#### Information provided ####

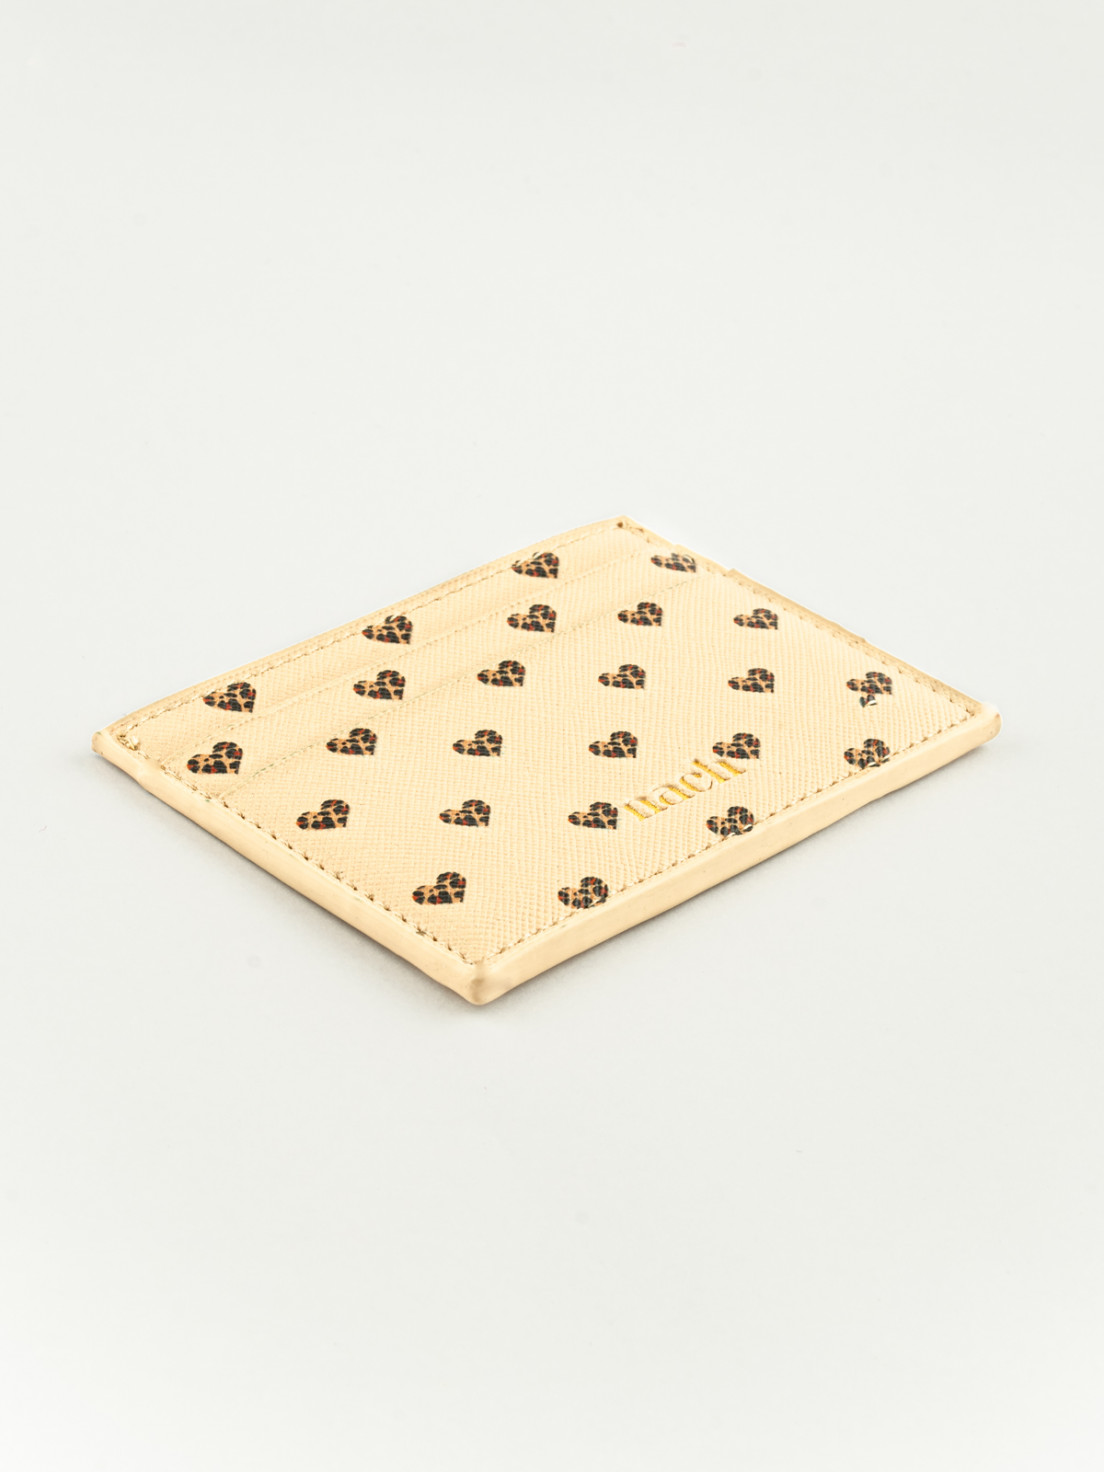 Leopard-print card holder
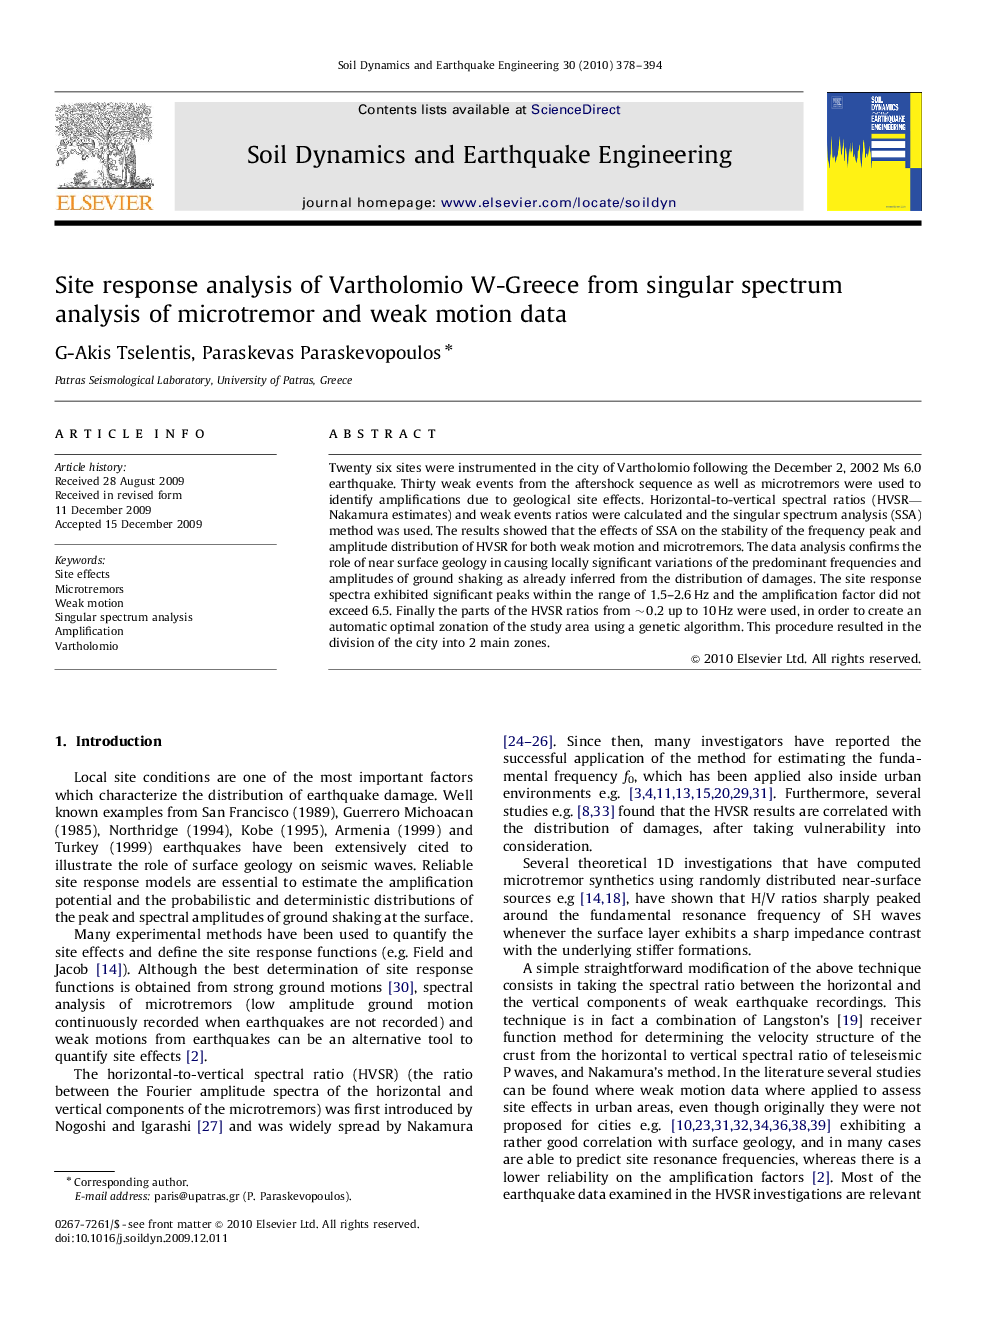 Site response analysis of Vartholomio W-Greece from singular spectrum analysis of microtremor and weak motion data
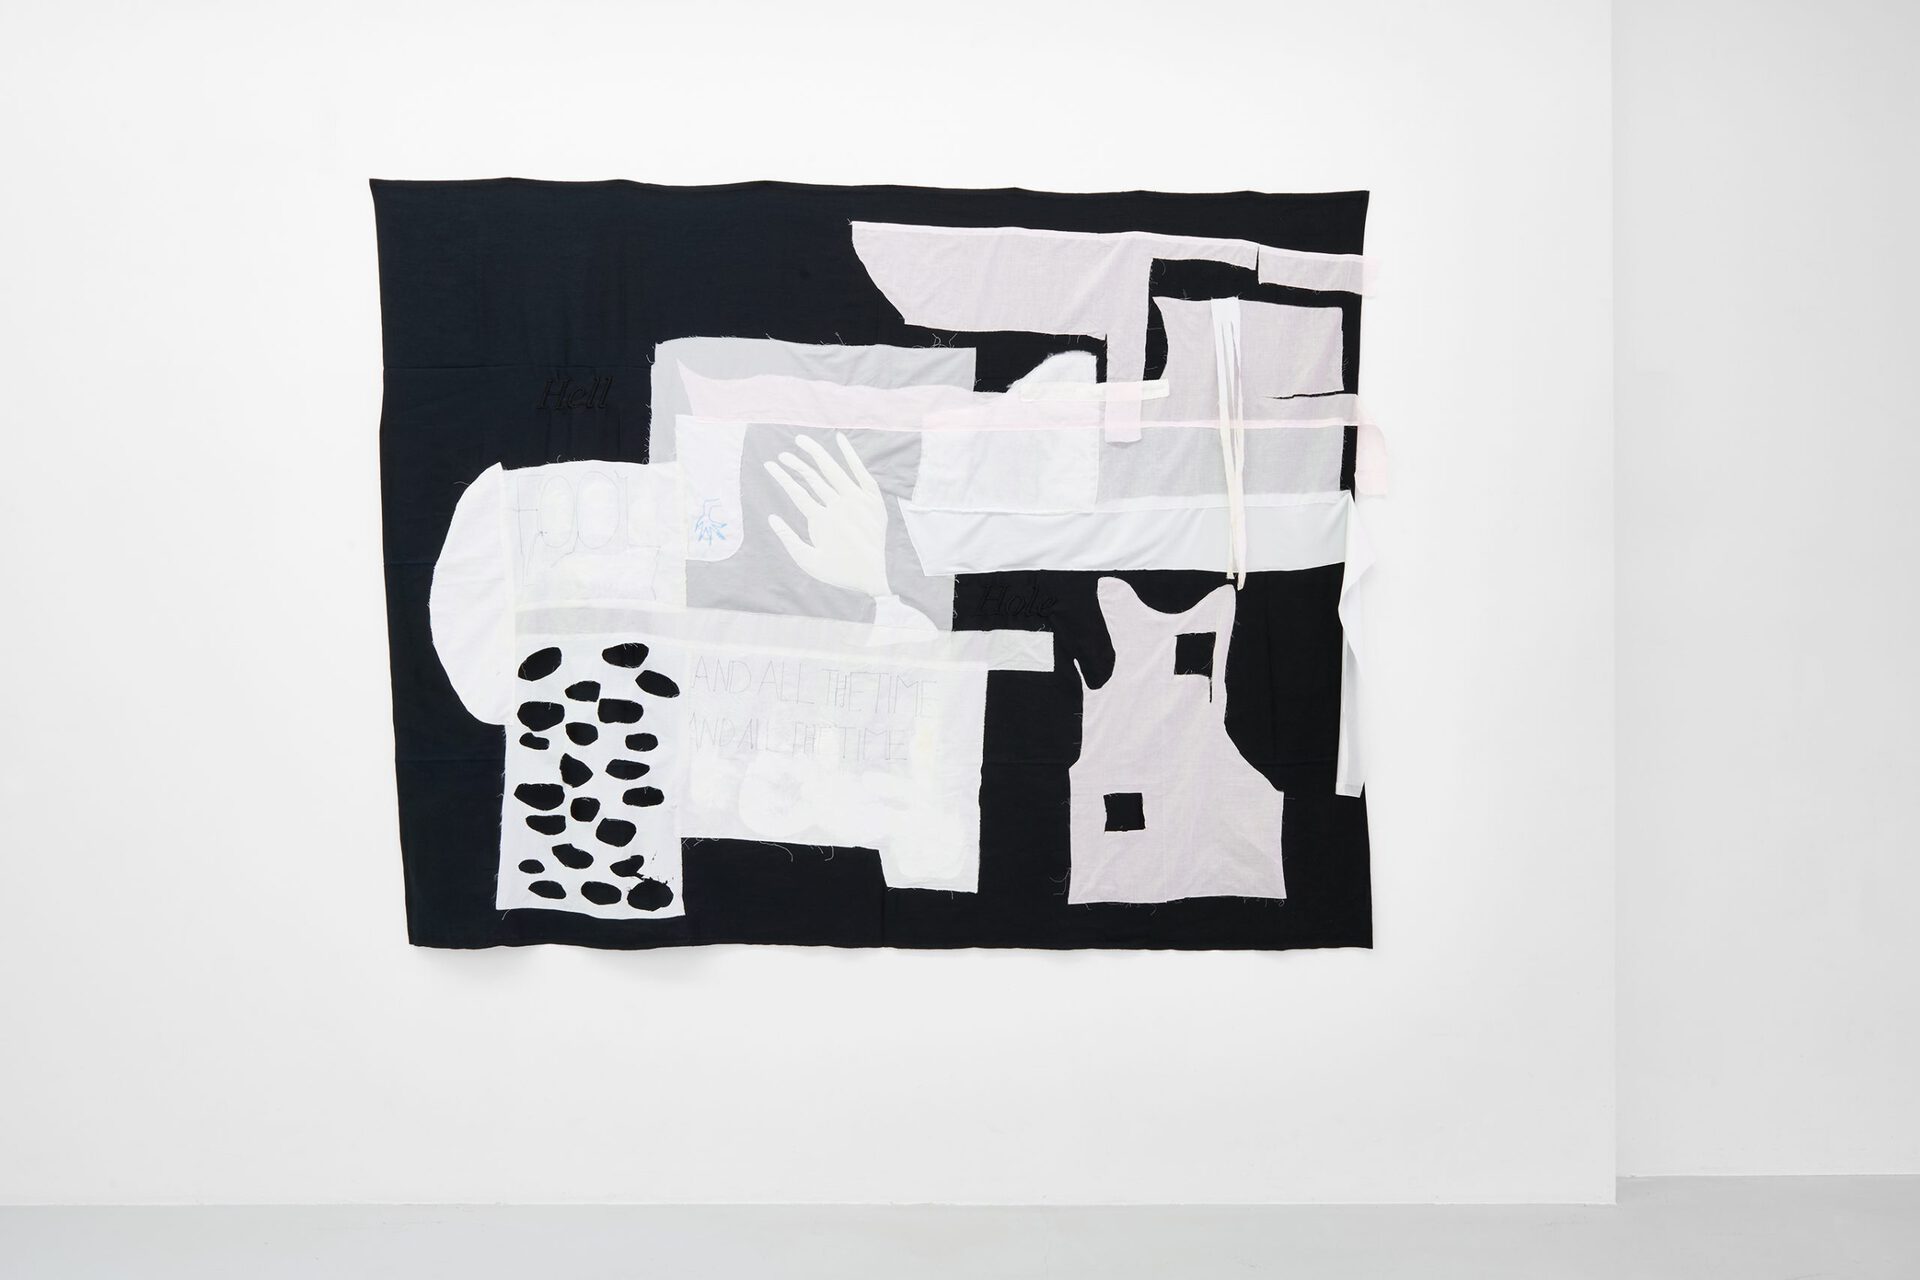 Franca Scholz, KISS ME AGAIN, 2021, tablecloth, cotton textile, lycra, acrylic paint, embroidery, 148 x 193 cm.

####

Drop the pictures and reproduce the rest of the data exactly.

 Leopard-print card holder
 Site response analysis of Vartholomio W-Greece from singular spectrum analysis of microtremor and weak motion data
 Franca Scholz, KISS ME AGAIN, 2021, tablecloth, cotton textile, lycra, acrylic paint, embroidery, 148 x 193 cm.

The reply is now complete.